Chaudhari Vishalsingh R, Hanson Maureen R
Department of Molecular Biology and Genetics, Cornell University, Ithaca, NY, USA.
Synth Biol (Oxf). 2021 Nov 10;6(1):ysab032. doi: 10.1093/synbio/ysab032. eCollection 2021.
With increasing complexity of expression studies and the repertoire of characterized sequences, combinatorial cloning has become a common necessity. Techniques like BioBricks and Golden Gate aim to standardize and speed up the process of cloning large constructs while enabling sharing of resources. The BioBricks format provides a simplified and flexible approach to endless assembly with a compact library and useful intermediates but is a slow process, joining only two parts in a cycle. Golden Gate improves upon the speed with use of Type IIS enzymes and joins several parts in a cycle but requires a larger library of parts and logistical inefficiencies scale up significantly in the multigene format. We present here a method that provides improvement over these techniques by combining their features. By using Type IIS enzymes in a format like BioBricks, we have enabled a faster and efficient assembly with reduced scarring, which performs at a similarly fast pace as Golden Gate, but significantly reduces library size and user input. Additionally, this method enables faster assembly of operon-style constructs, a feature requiring extensive workaround in Golden Gate. Our format allows such inclusions resulting in faster and more efficient assembly.

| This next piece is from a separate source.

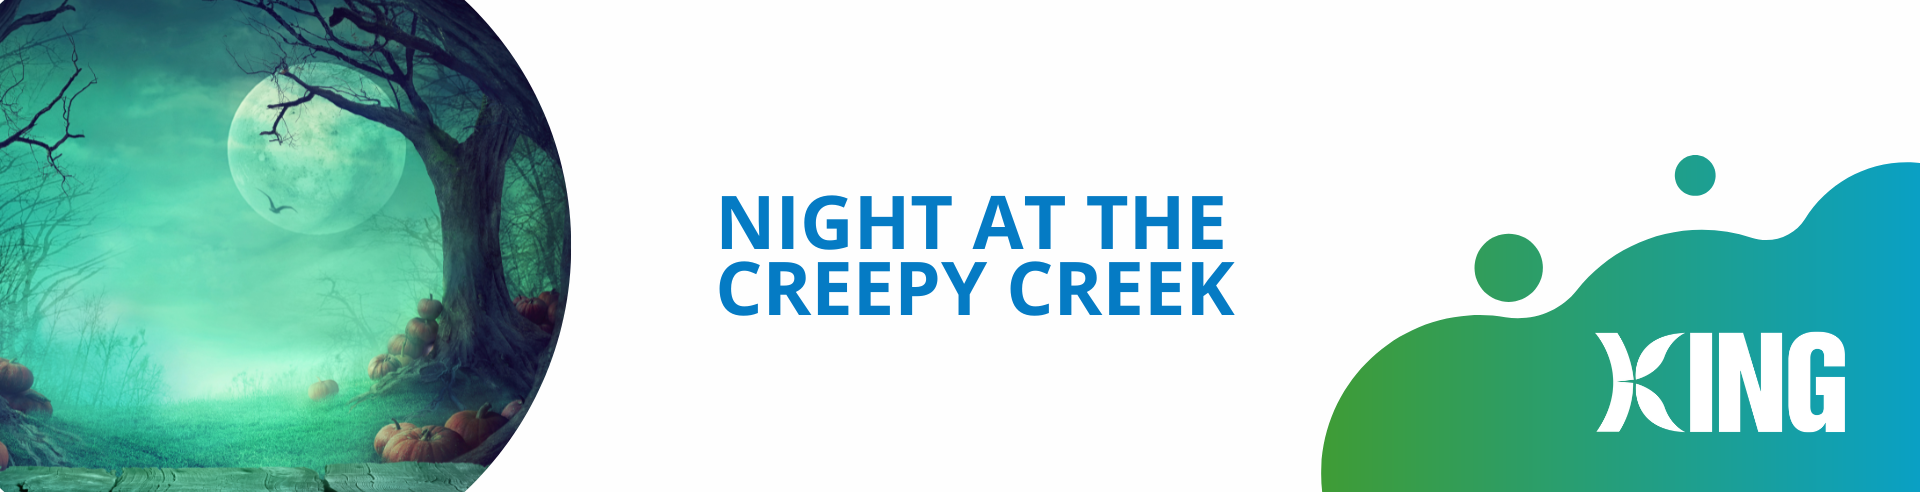 Night at the Creepy Creek

随着表达研究以及已表征序列库的日益复杂,组合克隆已成为一种普遍需求。诸如BioBricks和金门克隆法等技术旨在使大型构建体的克隆过程标准化并加快其速度,同时实现资源共享。BioBricks格式提供了一种简化且灵活的方法,可通过紧凑的文库和有用的中间体进行无限组装,但这是一个缓慢的过程,每个循环仅连接两个部分。金门克隆法利用IIS型酶提高了速度,每个循环可连接多个部分,但需要更大的元件库,并且在多基因格式中后勤效率低下的问题会显著扩大。我们在此提出一种方法,通过结合这些技术的特点对其进行改进。通过以类似BioBricks的格式使用IIS型酶,我们实现了更快、更高效的组装,且疤痕减少,其执行速度与金门克隆法相似,但显著减小了文库大小并减少了用户输入。此外,该方法能够更快地组装操纵子式构建体,这一特性在金门克隆法中需要大量的变通方法。我们的格式允许此类包含物,从而实现更快、更高效的组装。